Meg se quedó en silencio, escuchando la respiración entrecortada al otro lado del teléfono. No había vuelto a su casa natal desde que su padre la echara, al enterarse de su embarazo. Ni siquiera cuando su padre sufrió un infarto, y tuvo que ser hospitalizado durante una semana, le permitió ir a verlo, Meg había sentido como el corazón se le rompía al escuchar a su padre diciendo que no quería volver a verla, pero a pesar de ello, seguía queriéndolo con todo su corazón.

- Claro que si.

- Meg, eres tan buena… de verdad, ¡qué haría yo sin ti!

Meg y su madre si que seguían en contacto, de hecho, la pobre mujer, preocupada por alterar a su marido, enfermo del corazón, hacía frecuentes visitas a la ciudad. Pero lejos de ir de compras, como siempre le decía a él, pasaba el día con su hija y con su nieto, y regresaba a casa siempre con la mirada empañada por las lágrimas, y disculpándose por no poder quedarse durante más rato.

- Envíame la receta del médico, mamá, así podré mostrarla en la farmacia.

- Por supuesto, cariño. Por favor, conduce con mucho cuidado, el clima está muy mal, y lo último que quiero es que tengas un accidente por mi culpa.

- Relájate, mamá, te prometo que conduciré con precaución, y no sucederá nada.

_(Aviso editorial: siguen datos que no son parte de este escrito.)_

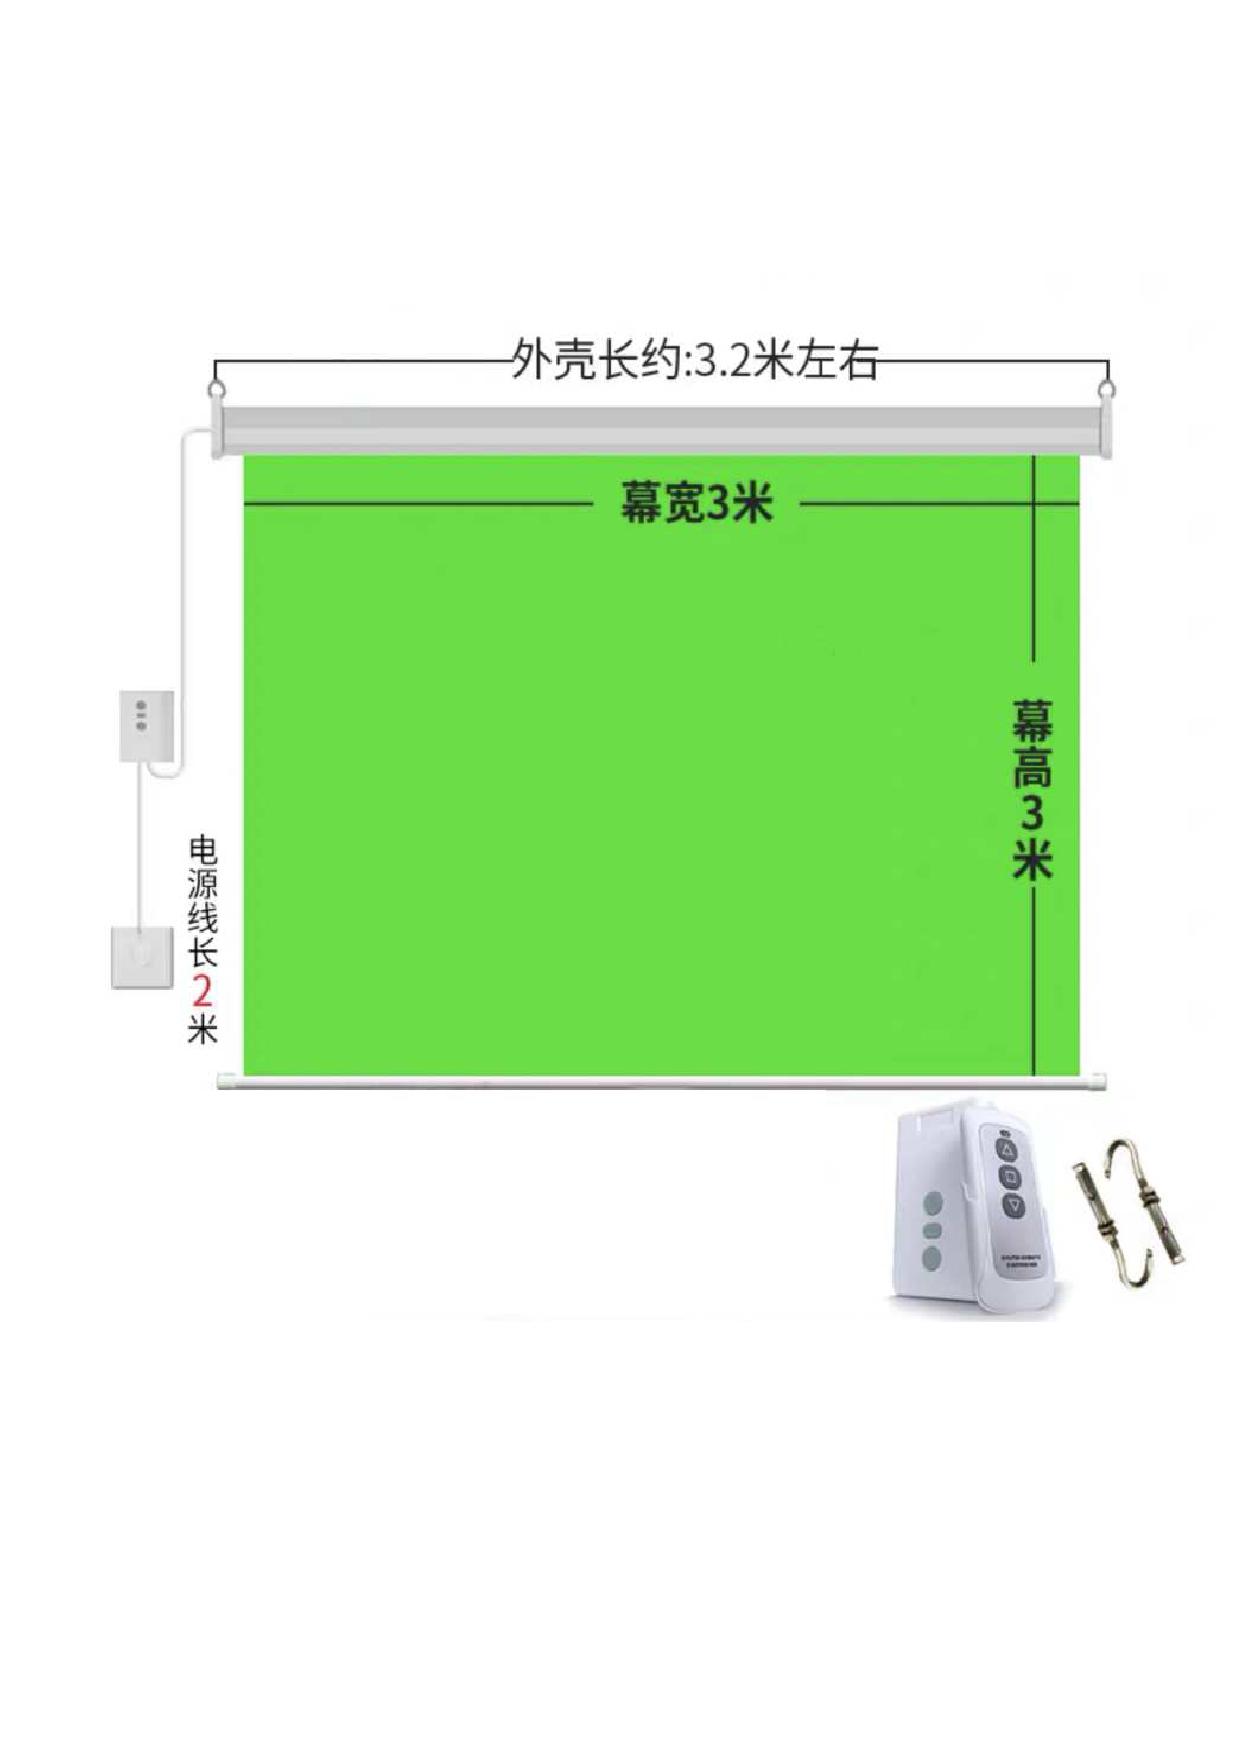 מסך ירוק נגלל חשמלי כולל שלט אלחוטי

Meg se despidió de su madre, habló con su vecina para pedirle que recogiera a Ben del colegio, y cuando salió a la calle, en busca de las pastillas para su padre, se percató de que la nieve ya había empezado a caer, y de que una fina capa blanca ya alfombraba las aceras. Aceleró el paso con la esperanza de solucionar el problema con rapidez, y en menos de media hora, se encontró subida al volante de su vieja furgoneta.